THE DRILLER KILLER (1979)

In theory, I liked this movie.  In execution, it was a polyp gestating on the lining of my colon.  I realize that there isn't much gray area between those two, um, circumstances, but The Driller Killer is a grindhouse feature that you will either love or hate.  It could loosely be called a character study.  The character it studies is an unhinged artist named Reno living in the slummy paunch of New York.  Played by then-fledgling director Abel Ferrara, Reno has a number of issues that vary in terms of human interest.  His girlfriend entertains the advances of an ex, his art dealer employer rebukes his work, and to top it all off, the punk band upstairs won't stop practicing.  A word on the punk band...they are called The Roosters, and they suck.  I suppose that you need an ear for crude, drugged out rock to appreciate them, but we have to sit through way, way too much of their music.
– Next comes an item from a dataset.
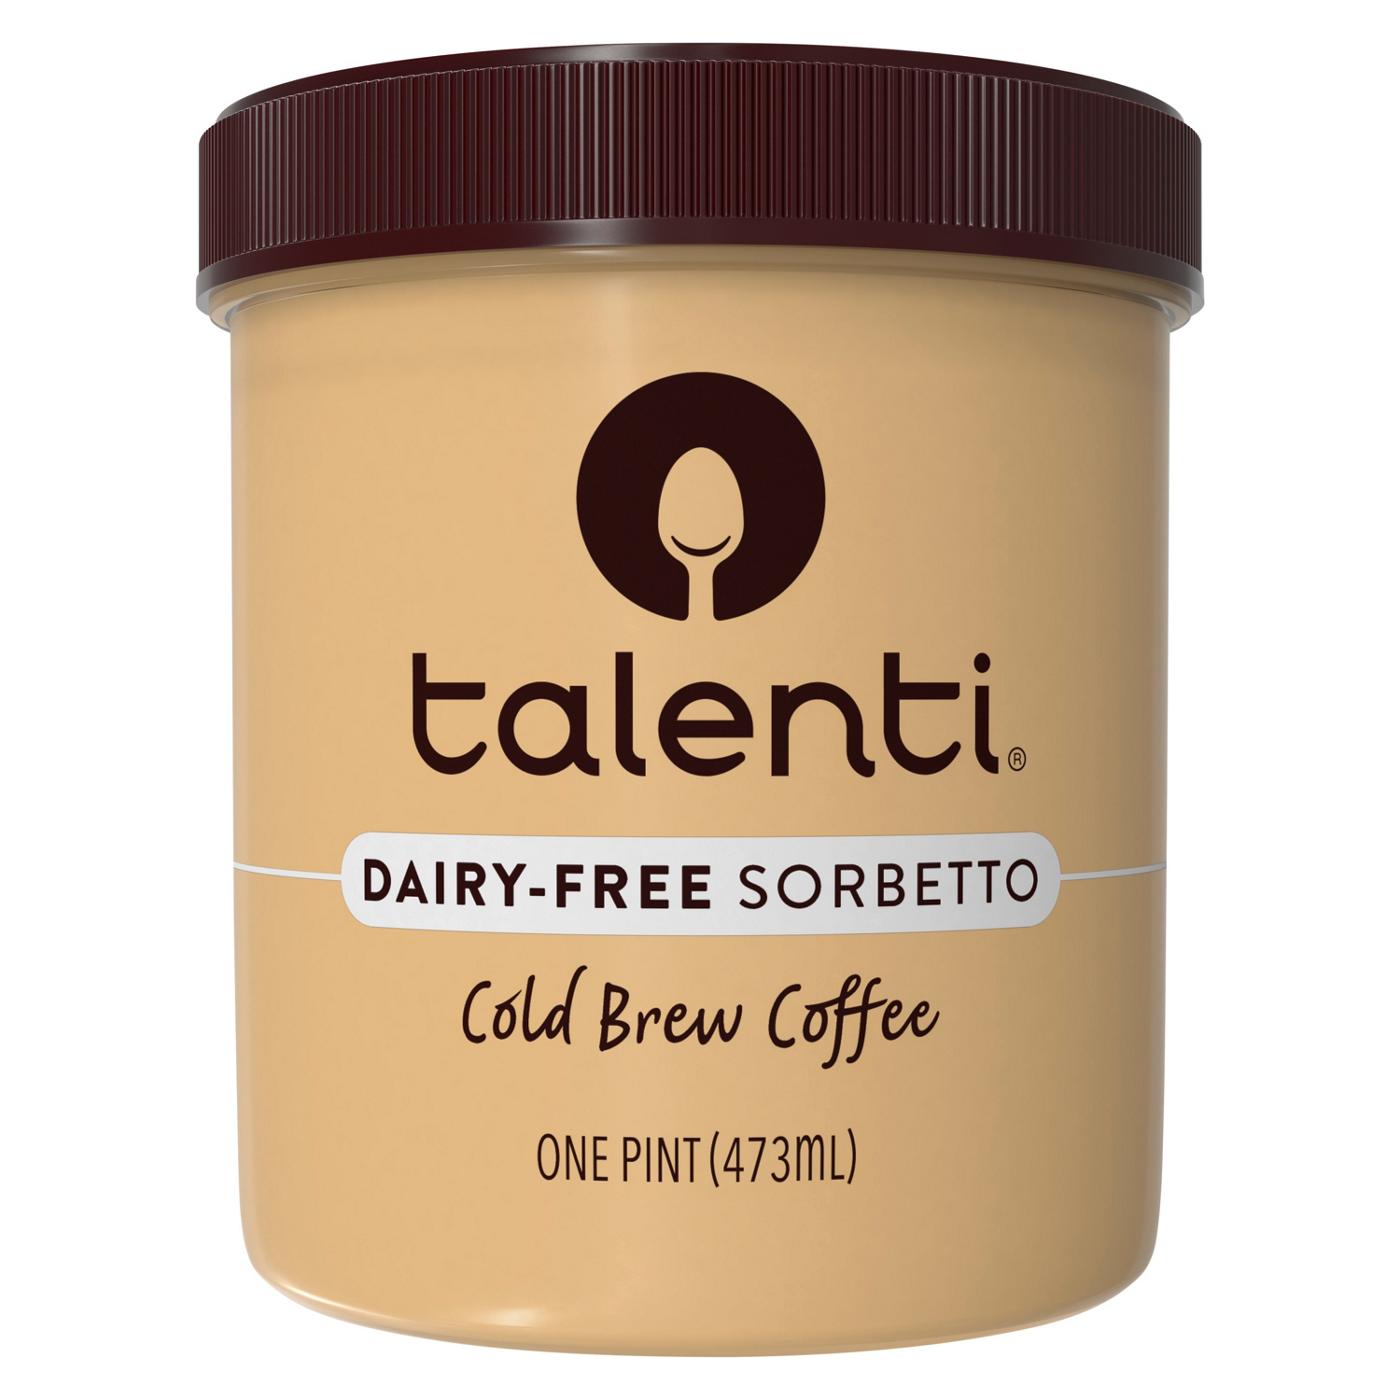 Talenti Dairy-Free Sorbetto Cold Brew Coffee; image 1 of 2

What about the drill-killing, you ask?  It takes awhile for Reno to brandish his weapon of choice.  Yes, there is plenty of blood, but aside from the last ten minutes, the deaths are passionately humdrum.  Hmm, Passionately Humdrum would make for a great band name.  It's better than The Roosters anyway.  Yeah, I didn't get much out of The Driller Killer.  It does have its fans.  I can see the appeal, especially if you pair it up with Frank Henenlotter's Basket Case for a sleazy double feature.  Again, in theory?  It's okay.  Honestly, I'd be in favor of a remake.  Recommended to fans of recreational rotary tools.



11/1/24

Mortis in WWE?


So check this out...I found Mortis dark matches from 2003.  What's more, he's purple!  How awesome is that???  I can't believe that Vinnie Mac never gave this gimmick a fair shot on the main roster.  You have to think that just a few years later, Mortis would have fit perfectly on WWE's ECW.  If you want a random "lol" moment, the first match in this video is against Austin Aries.